When a UE is served by a base station in such an arrangement and the UE has data to communicate over the air to the base station, the UE may transmit to the base station a scheduling request asking the base station to assign air interface resources for uplink data transmission to the base station. Considering various factors, such as the extent of data that the UE has buffered for transmission, the UE's current air interface signal strength, the UE's available transmission power, and current load on the air interface, the base station may then allocate certain uplink air interface resources as a “transport block” for use by the UE to engage in uplink data transmission, providing a directive to the UE indicating the allocated resources. And the UE may then transmit data to base station on the allocated air interface resources.
In practice, a UE engaged in such communication may implement a protocol stack defining a sequence of logical processing layers, ranging from an application layer down to a physical layer, with the UE processing the data at each layer, such as by adding a layer-specific header or other overhead. For instance, the application layer may output application data (e.g., user data) as a series of application-layer protocol data units (PDUs) each encoded in an application-layer specific manner, the next layer down may receive each such application-layer PDU as a respective service data unit (SDU) and may add its own layer-specific overhead and output a PDU for processing by the next layer down from it, and so forth. Ultimately, this processing would then culminate in the physical layer outputting the data for transmission over the air to the base station.

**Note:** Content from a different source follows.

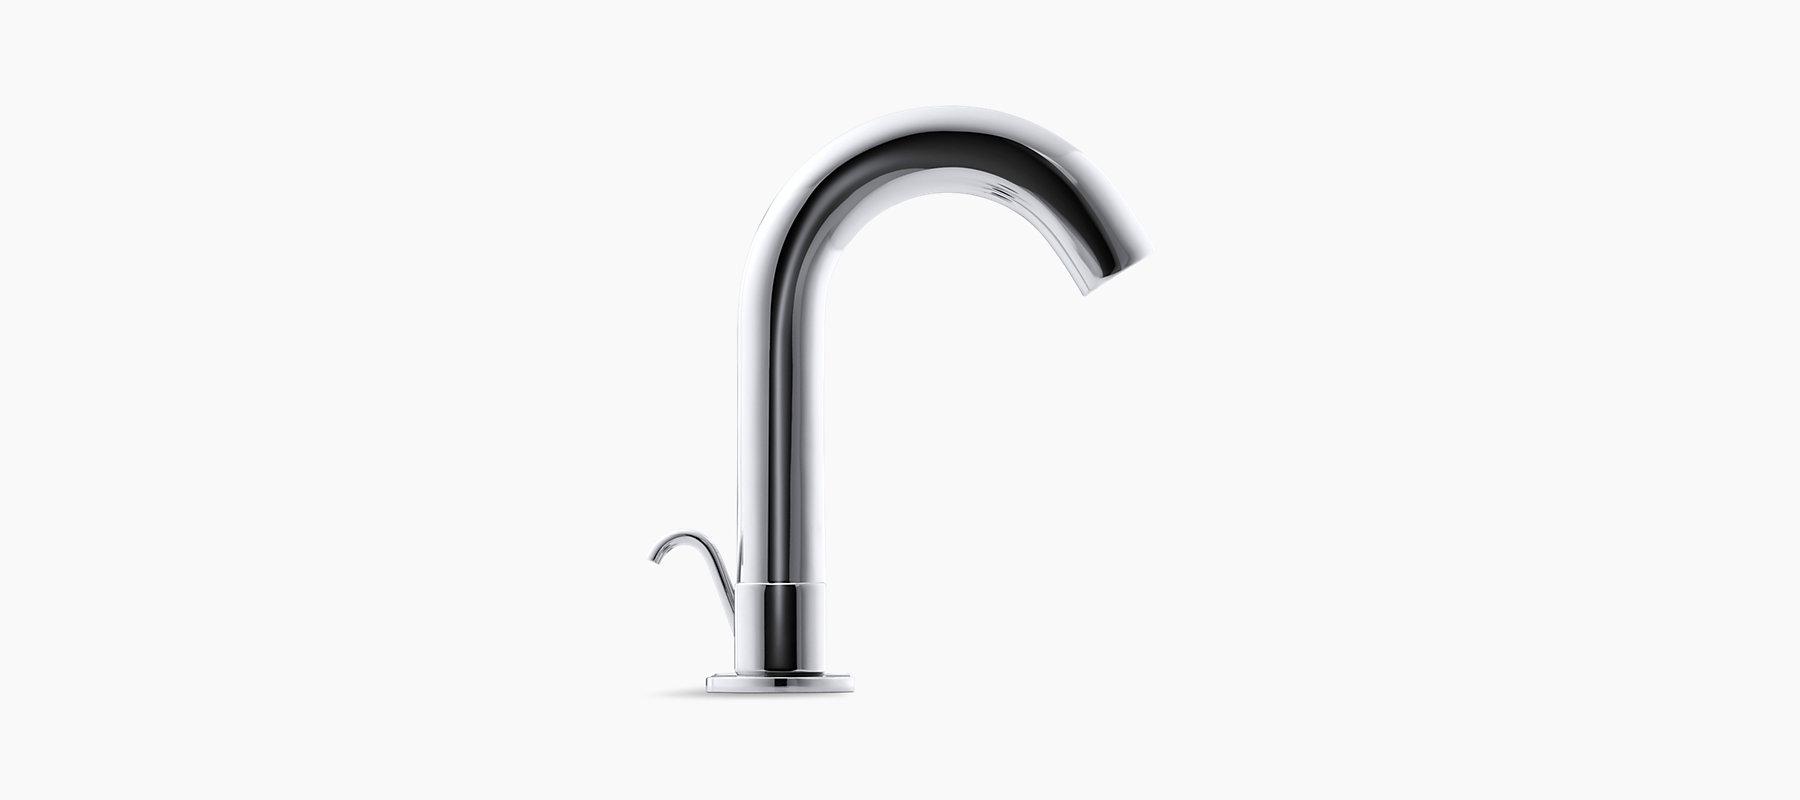 Oblo Widespread Bathroom Sink Faucet | K-10086-9 | KOHLER

As a specific example of this, a UE engaged in voice over Internet Protocol (VoIP) communication may apply a voice codec at its application layer to encode digitized voice at a particular rate, such as an Adaptive Multi-Rate (AMR) Wideband 12.65 codec that generates 253 bits of coded speech every 20 milliseconds (for a net data rate of 12.65 kilobits per second) and may encapsulate each 253 bits in a Real-time Transport Protocol (RTP) header of typically 12 bytes as an RTP packet. Each RTP packet may then pass to a Transport layer, which may add a UDP header of typically 8 bytes, and to an Internet layer, which may add an IPv6 header of typically 40 bytes, thus producing an IP packet of about 733 bits every 20 milliseconds. To facilitate efficient air interface transmission of such a packet, the packet may then pass to a Packet Data Convergence Protocol (PDCP) layer, which may apply robust header compression (RoHC) that may replace the RTP, UDP, and IP headers with a much smaller RoHC header typically around 3 bytes (i.e., just 24 bits). In turn, each packet with compressed header may then pass through one or more link layers such as a Radio Link Protocol (RLP) layer, which may add an RLP header, and a Media Access Control (MAC) layer, which may add a MAC layer, and the end result may then be modulated on the physical layer for transmission in allocated air interface resources to the base station.
In this process, each packet that arrives at the RLP layer is an RLP SDU, and the RLP layer and MAC layer would then add overhead to that RLP SDU, thus producing a MAC PDU. Optimally, the UE would then transmit this MAC PDU in a particular uplink transport block allocated by the base station. In some cases, however, the transport block allocated by the base station may not be large enough to carry the RLP SDU plus the added RLP and MAC overhead. This may happen, for instance, if the UE is in relatively poor coverage of the base station, in which case the UE may need to use a relatively low-order modulation and coding scheme in which individual air interface resources represent fewer bits of data, so that more air interface resources are needed to represent a given extent of data. Further, this may happen if the UE's available transmit power limits the number of PRBs on which the UE can transmit concurrently in a given TTI.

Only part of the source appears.